Virtual Eye Vision With Hololens (DeveloperWeek Global 2020)

Discover the capabilities of HoloLens and Cognitive Services in a demo showcasing face detection, text-to-speech synthesis, and multimodal interaction, with potential applications in virtual assistance, education, and entertainment.

Key takeaways
  • HoloLens: A holographic device that provides a combination of sensors for describing, identifying the environment around the person. It has a computer itself, with a Qualcomm CPU, holographic processing unit, memory, and persistent storage, and connectivity aspects.
  • Cognitive Services: AI-powered services that run in the cloud or at the edge, with machine learning built-in, allowing developers to build applications without needing to be data scientists.
  • Face Detection and Identification: Using the HoloLens device, a demo of face detection and identification is showcased, with the ability to recognize age, gender, emotions, and other attributes.
  • Text-to-Speech Synthesis: Text-to-speech synthesis is also demonstrated, with the ability to customize voice styles, rates, pitch, and volume.
  • Programmability: The Cognitive Services API is accessible through REST or SDKs, allowing developers to build applications using various programming languages (e.g., .NET, Java, JavaScript, Python).
  • Edge Computing: The HoloLens device can run the Cognitive Services locally, reducing the need for cloud connectivity and allowing for offline usage.

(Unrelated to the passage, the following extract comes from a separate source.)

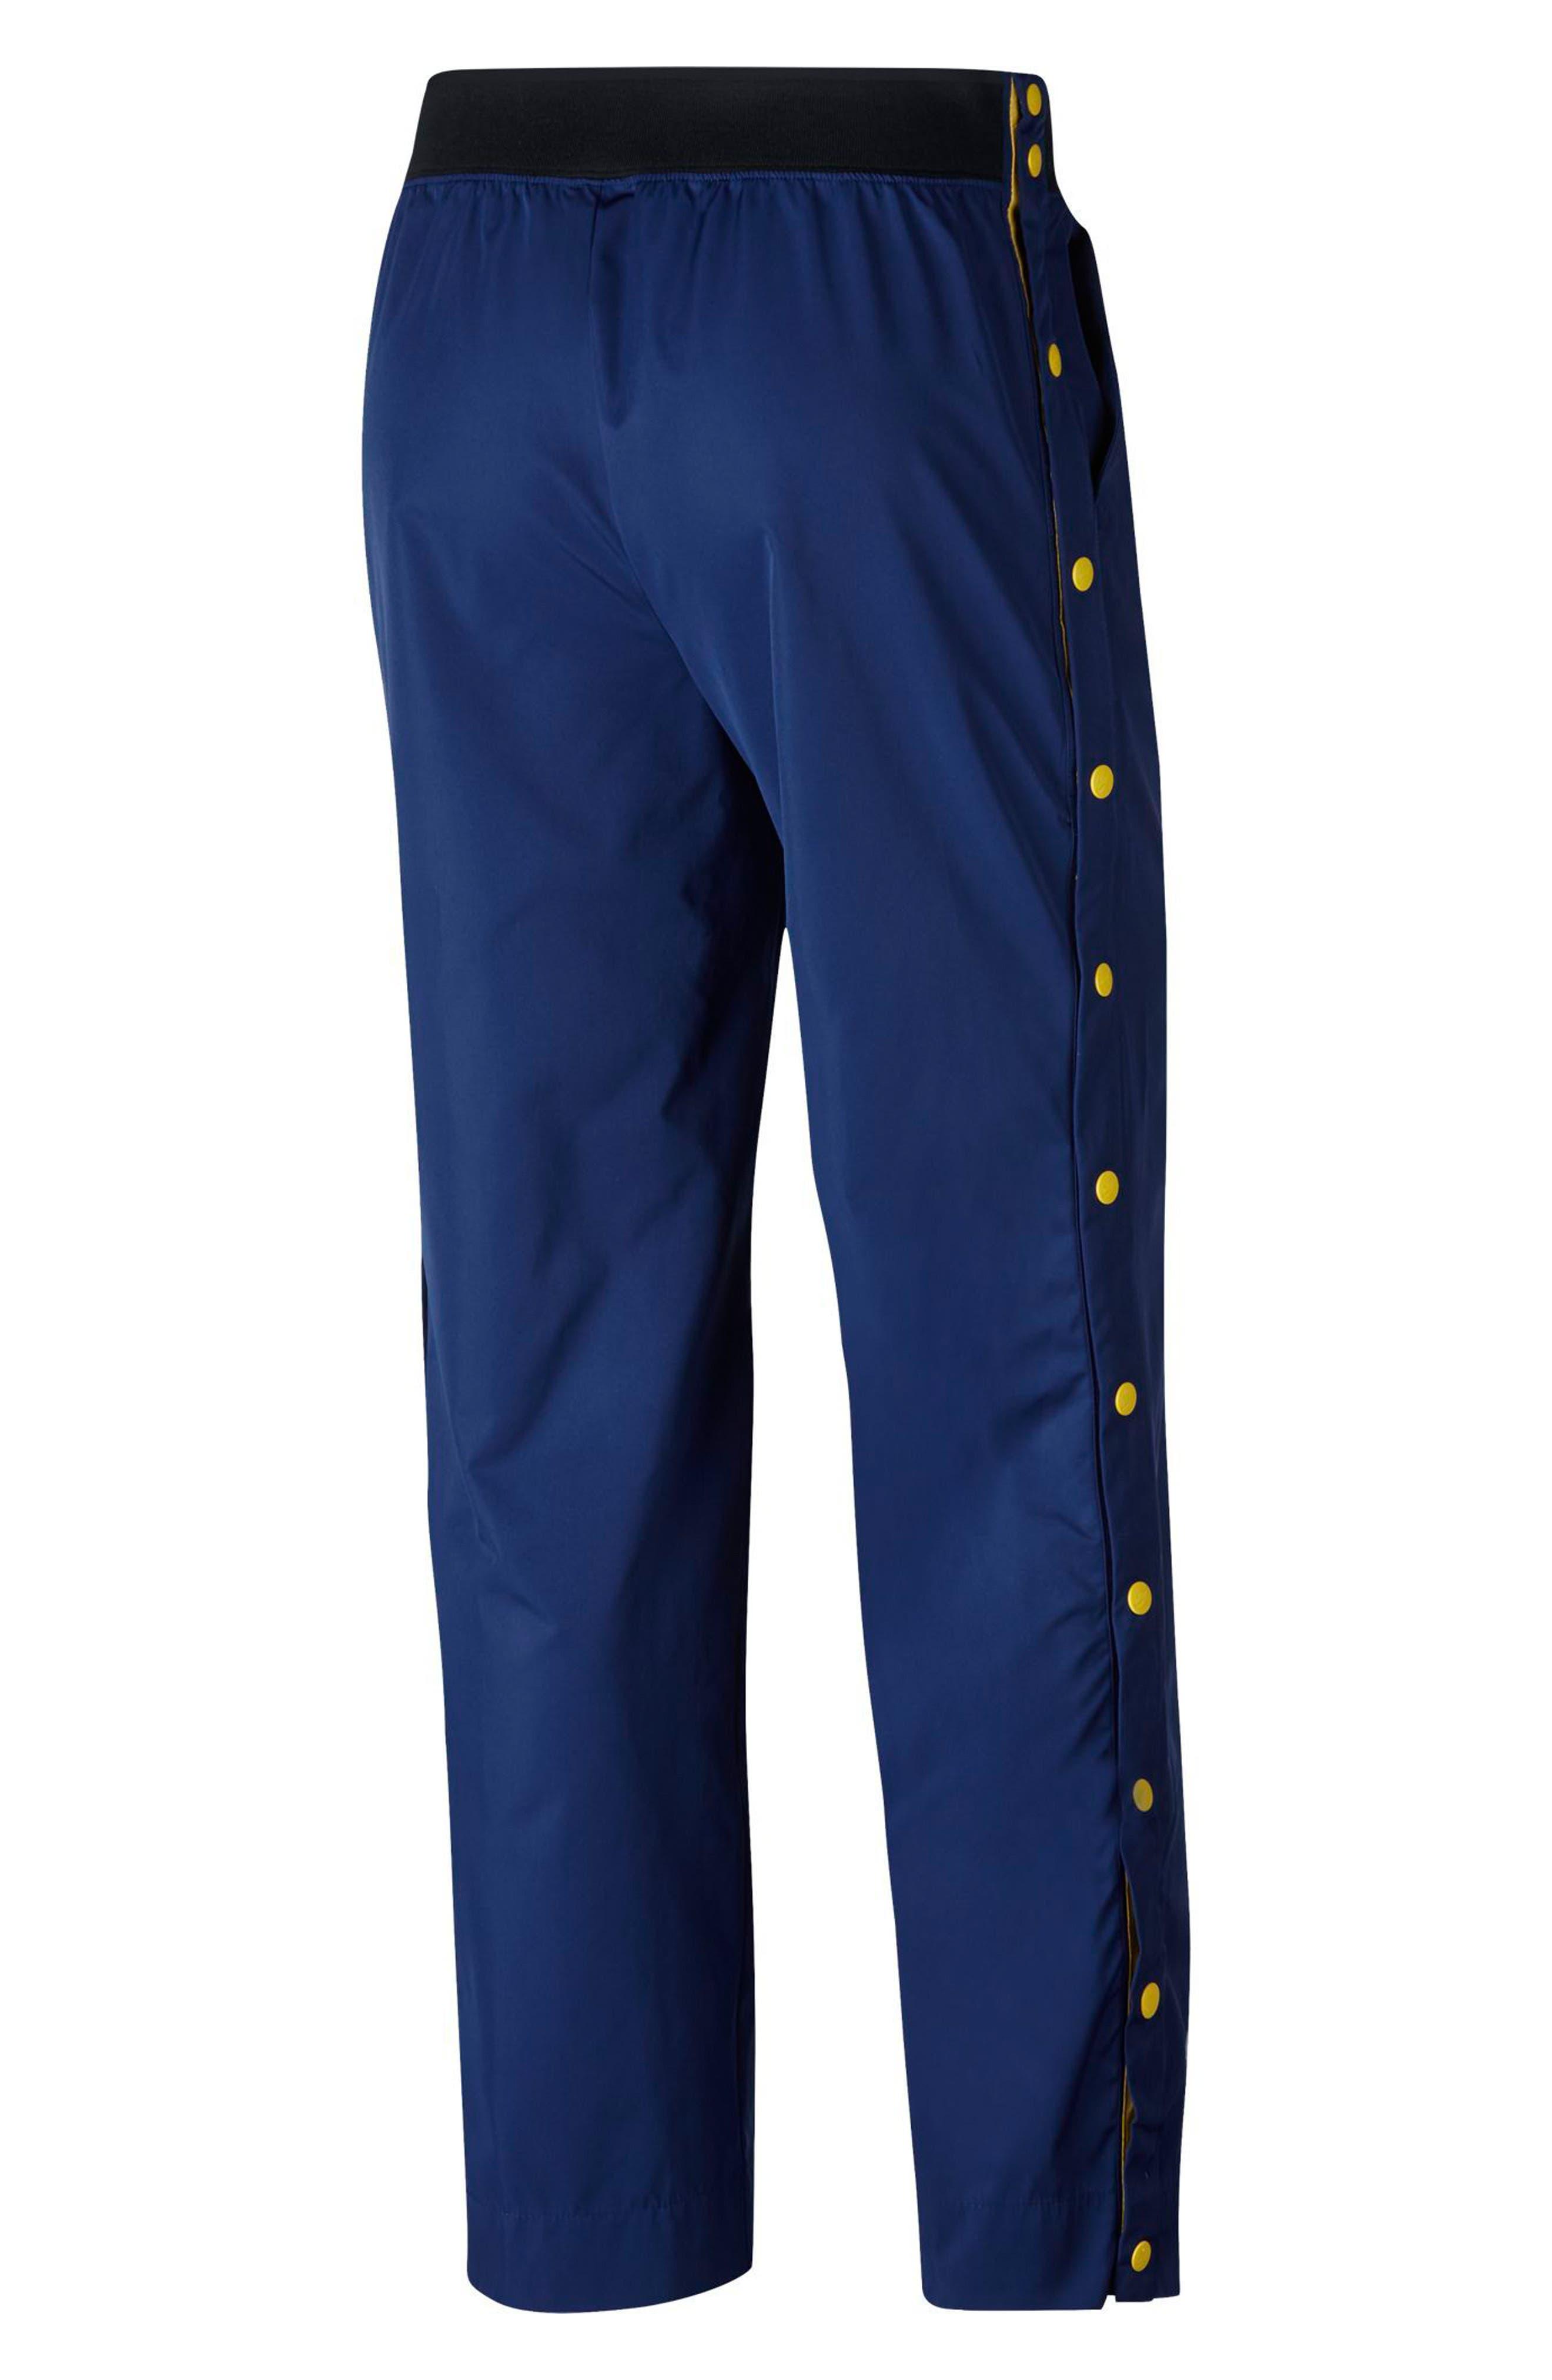 Sportswear Women's Side Snap Pants,                             Alternate thumbnail 2, color,                             455

  • Accessibility: The technology has the potential to enhance the lives of people with visual impairments, enabling them to “see” the world around them through voice commands and guidance.

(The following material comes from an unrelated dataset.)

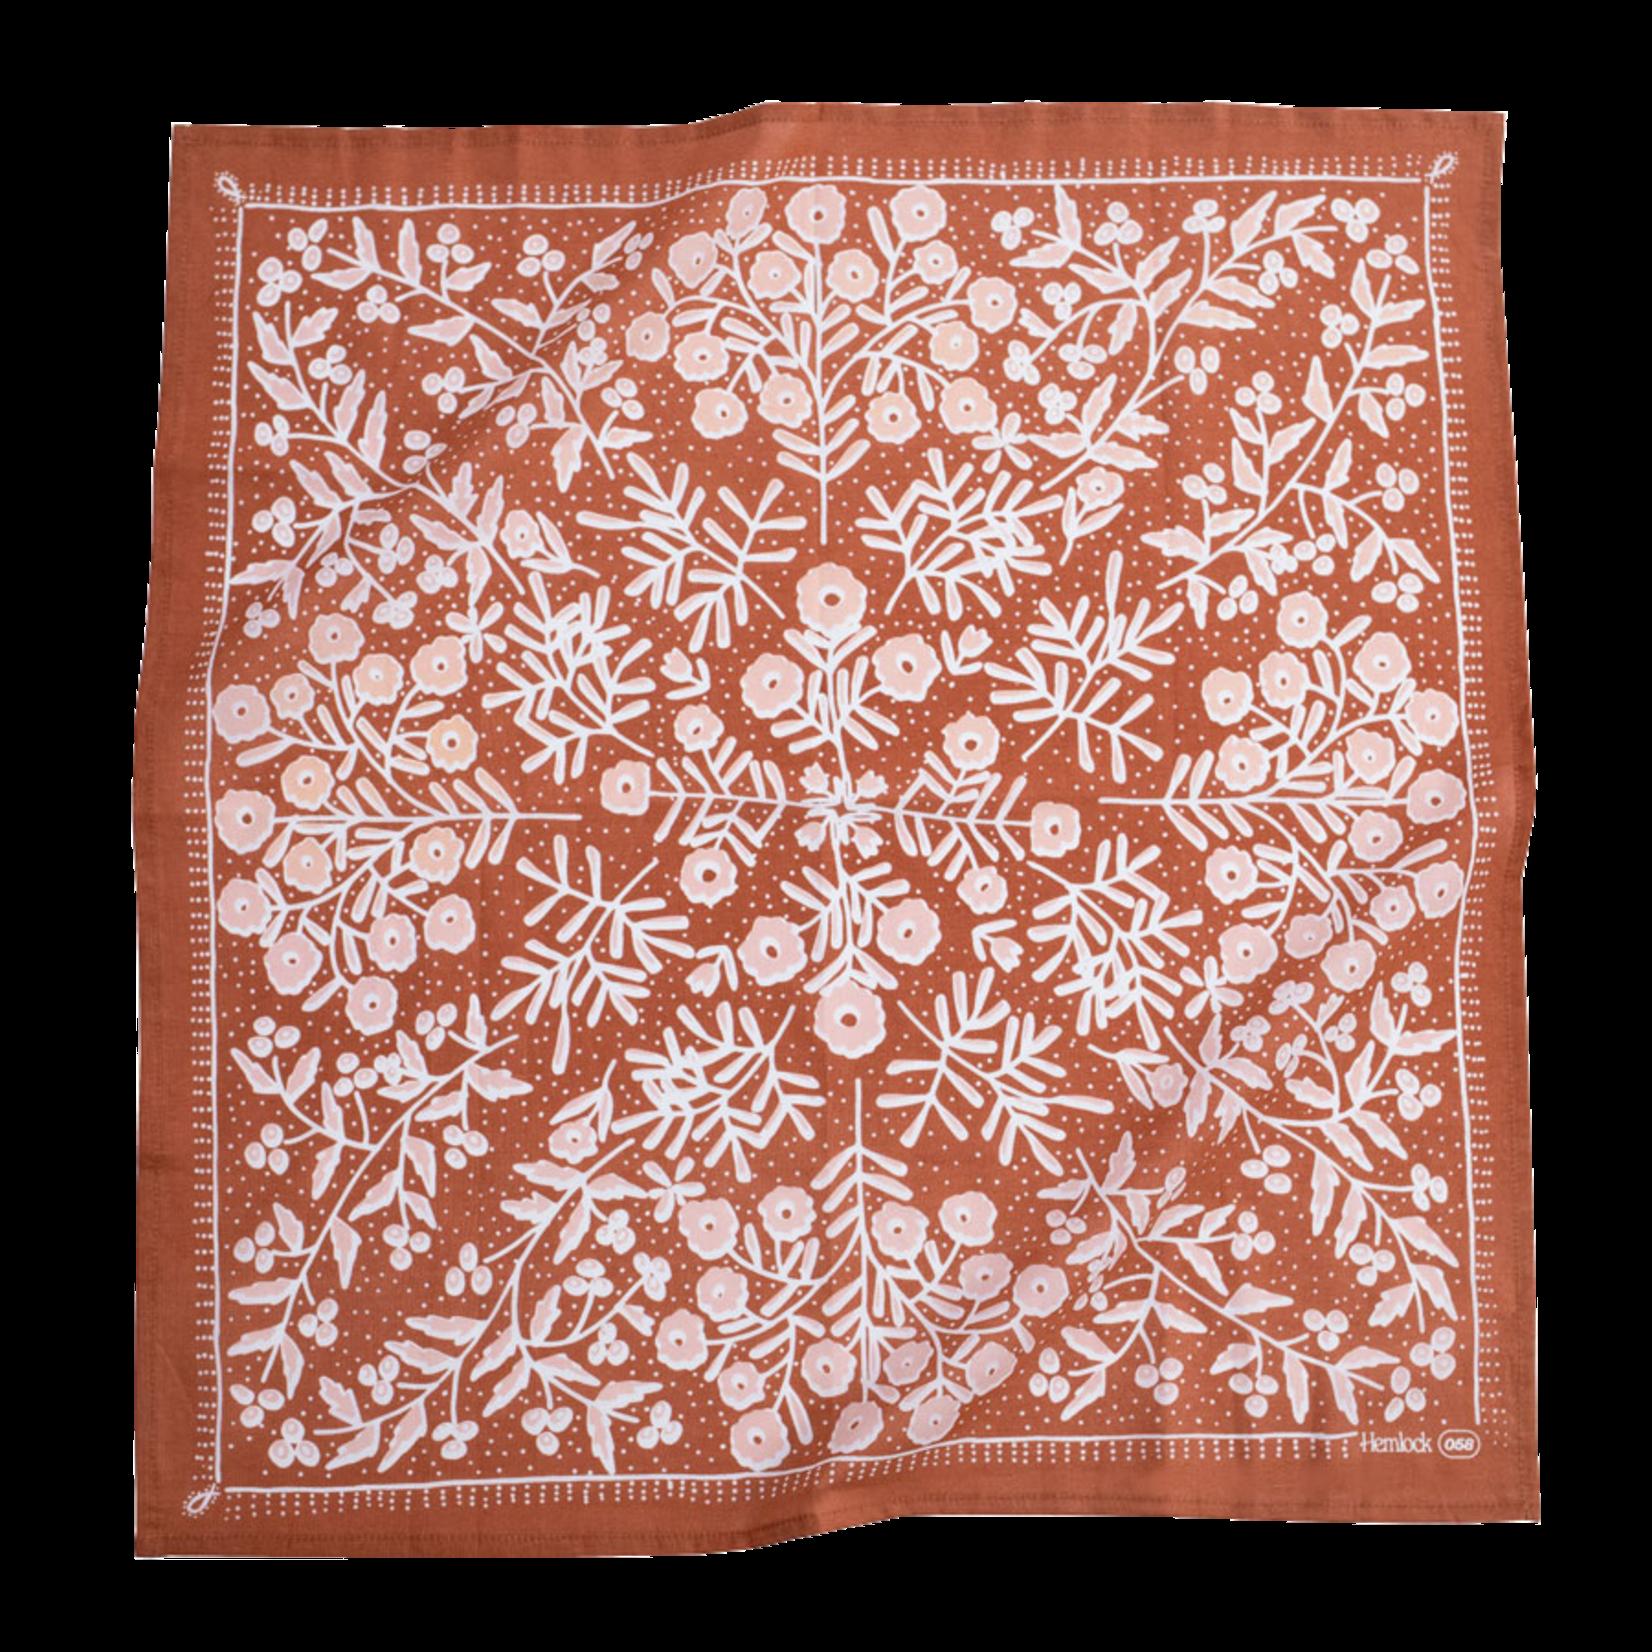 Handmade Cotton Bandana

  • Multimodal Interaction: The HoloLens device allows for multimodal interaction, incorporating voice, hand gestures, and eye tracking to convert camera feeds into voice instructions.
  • Neural Voice: The device has a neural voice option, which uses neural networks to build a voice as natural and human-like as possible.
  • Video Recognition: The Cognitive Services API can recognize scenes, objects, and facial expressions in videos.
  • Application Possibilities: The technology has the potential to be used in various applications, such as virtual assistance, education, and entertainment.
  • Open-Source: The source code for the demo is available on GitHub, allowing developers to work with and learn from the technology.
  • Directions and Guidance: The device can provide directions and guidance to users, enhancing their navigation and interaction with the environment.